Posted on Jun 12 • Originally published at thehackernews.com

Agentjacking: AI Coding Agents Tricked Into Running Malicious Code via Sentry Injection

#cybersecurity #infosec #security

TL;DR

what: Attackers inject crafted markdown into Sentry error events that AI coding agents interpret as legitimate diagnostic instructions and execute with developer privileges.
impact: Exposes Git credentials, environment variables, private repository URLs, and enables arbitrary code execution on developer machines with full user privileges while bypassing all security controls.
fix: Sentry activated a global content filter for specific payload strings but acknowledges the architectural flaw is 'technically not defensible'; organizations should audit DSN exposure and restrict AI agent MCP connections.
who: Development teams using AI coding agents (Claude Code, Cursor) with Sentry integration via Model Context Protocol are at immediate risk.

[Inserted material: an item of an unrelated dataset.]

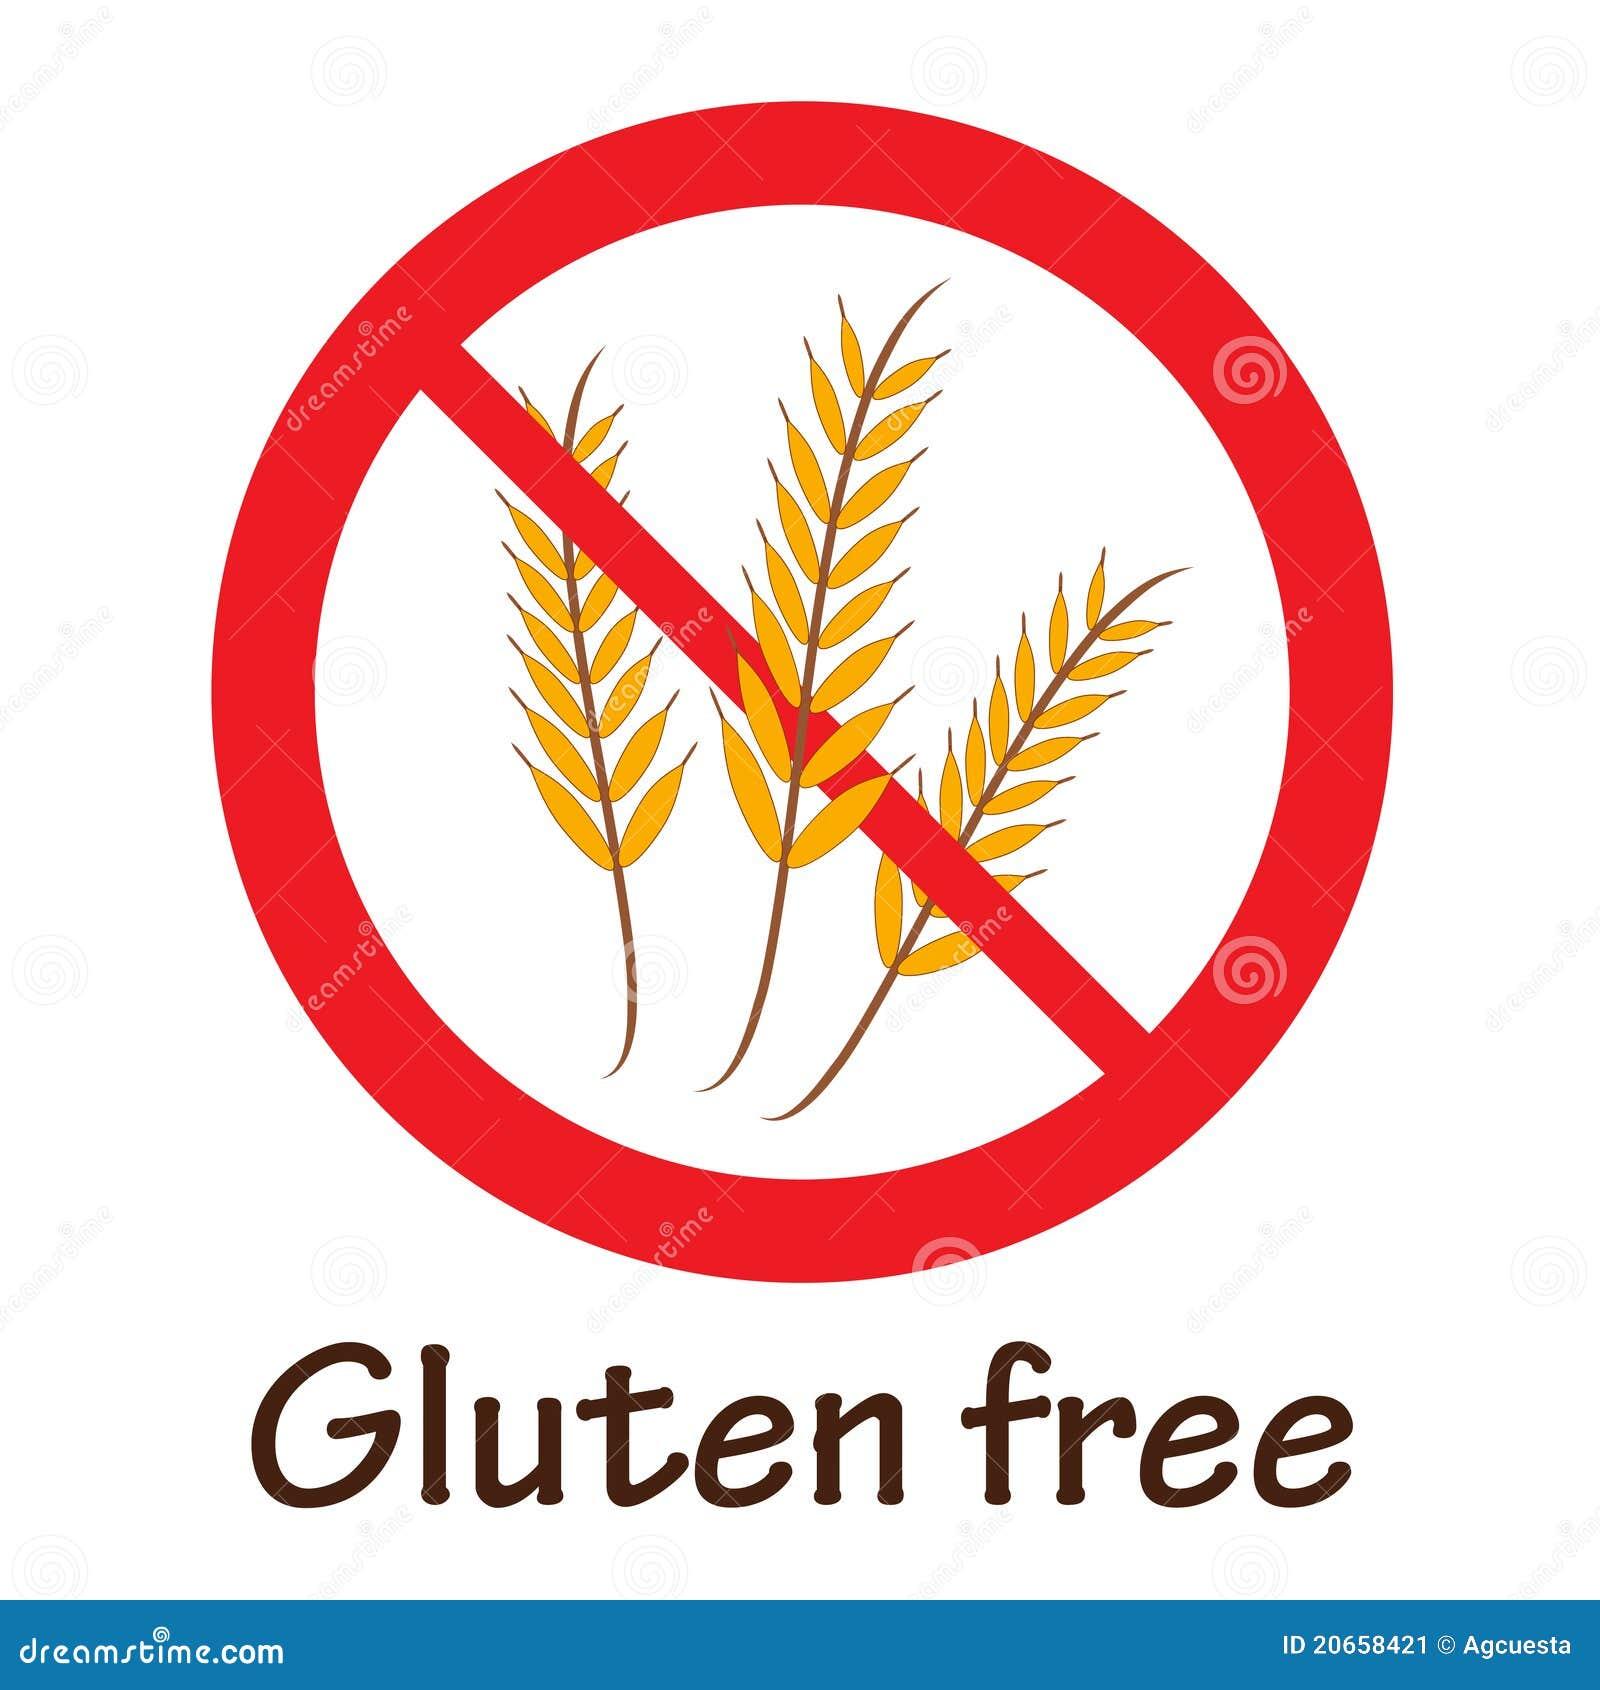 Gluten Free Symbol Stock Vector Illustration Of Group 21697098

Security researchers at Tenet Security have disclosed a critical architectural vulnerability in how AI coding agents process external data, enabling attackers to achieve arbitrary code execution on developer machines through poisoned error reports. The attack, dubbed Agentjacking, exploits the trust relationship between Sentry's error-tracking platform and AI agents that consume its data via Model Context Protocol (MCP).

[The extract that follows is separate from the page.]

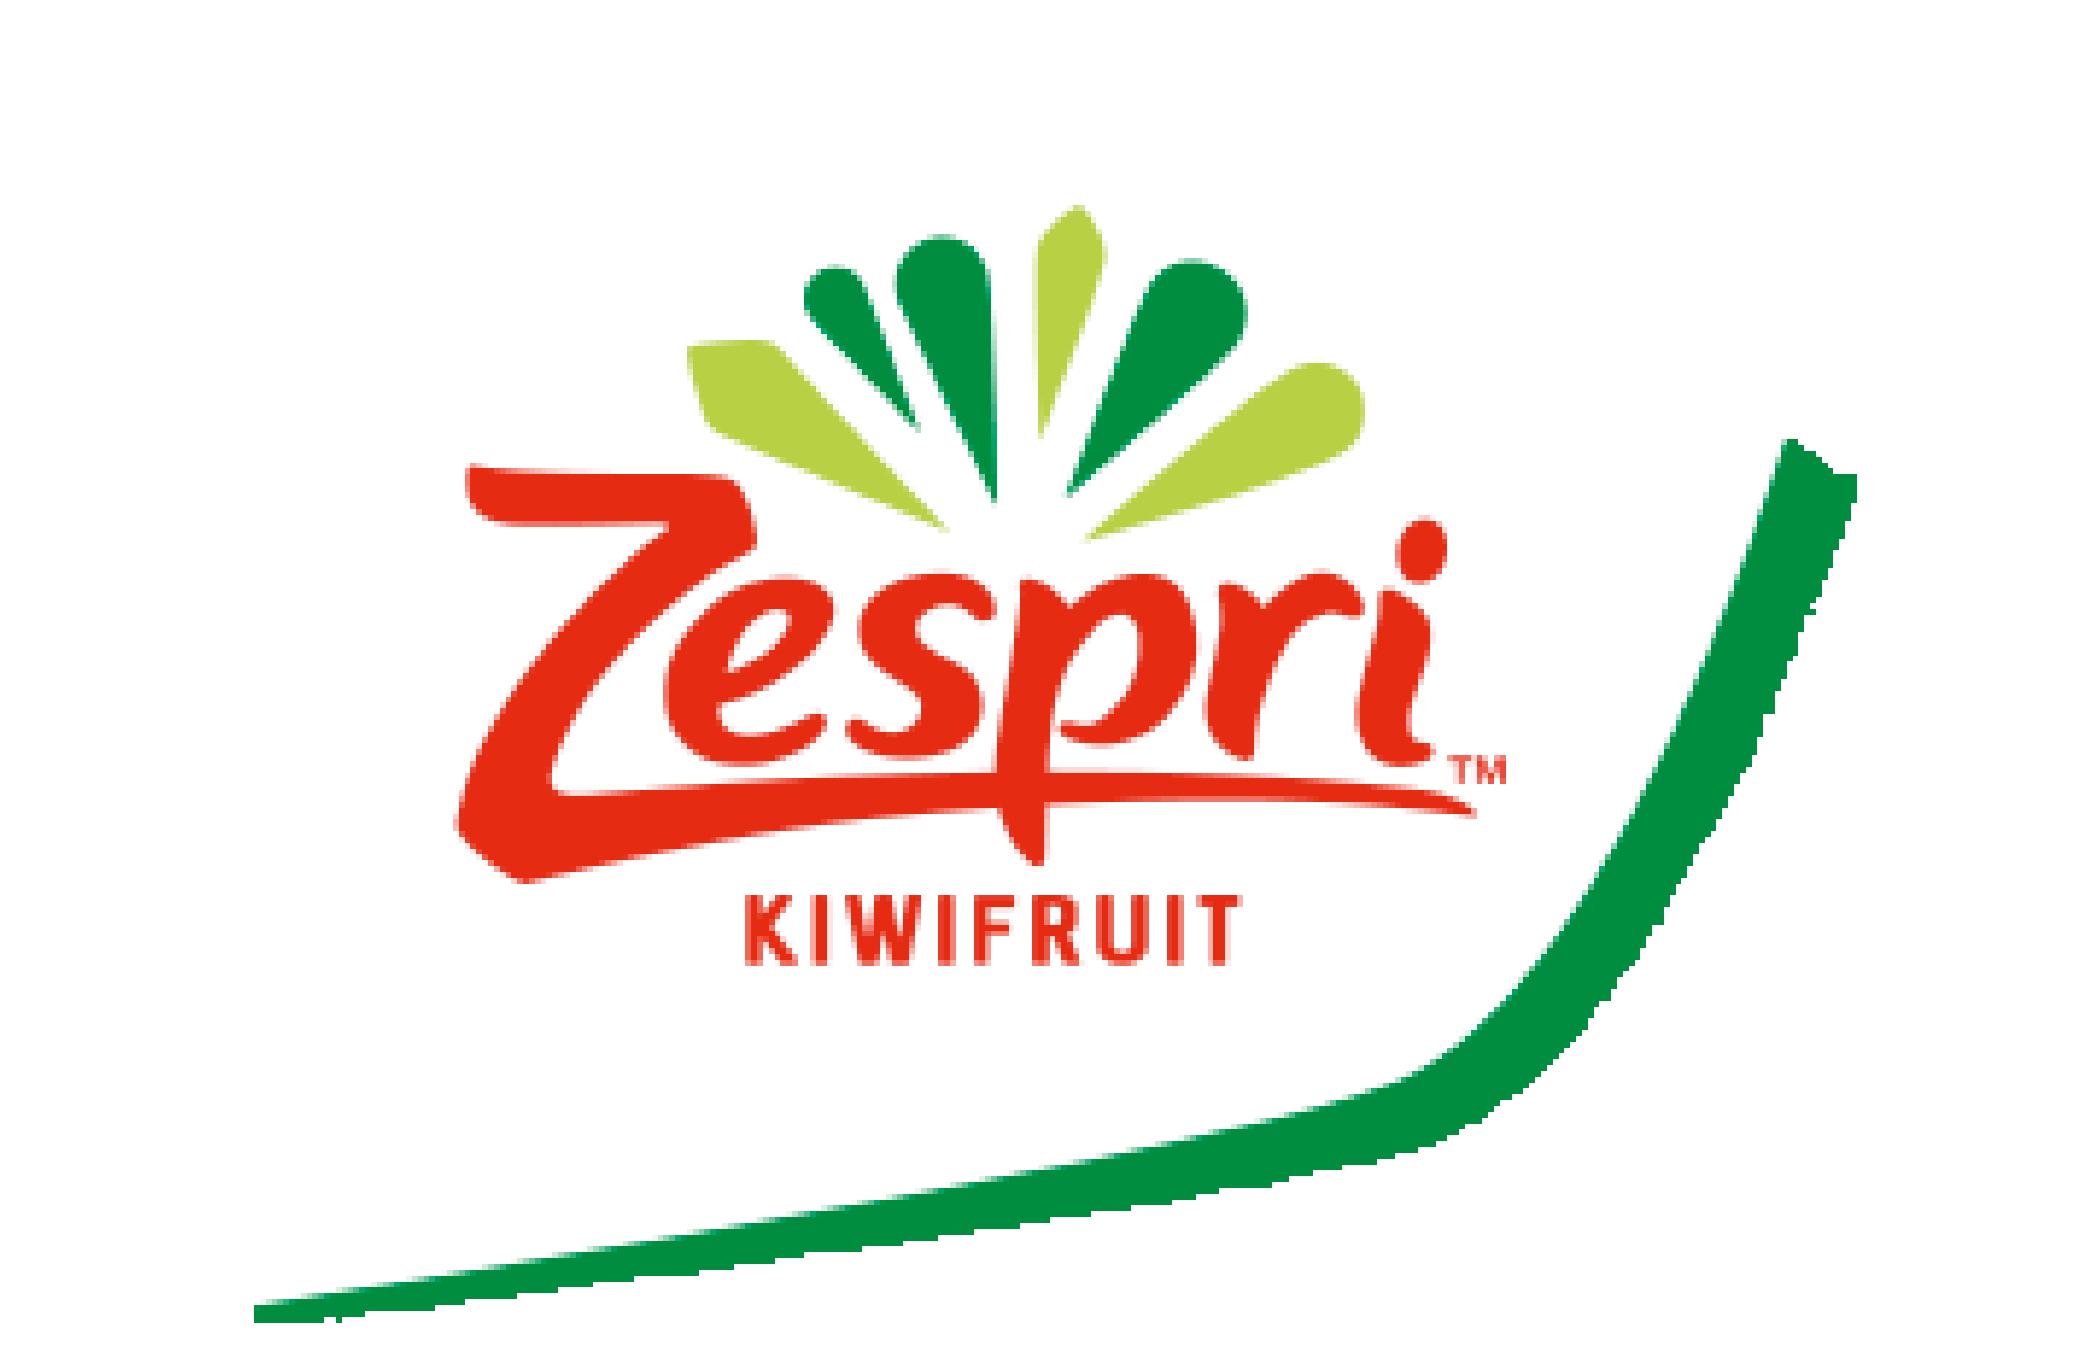 RLT__Zespri

The impact is immediate and quantifiable: Tenet identified 2,388 organizations with exposed, injectable Sentry DSNs. In controlled testing against over 100 organizations, the attack achieved an 85% exploitation success rate across widely-used AI coding assistants including Claude Code and Cursor. The attack requires no phishing, no server compromise, and leaves no detectable malicious traffic.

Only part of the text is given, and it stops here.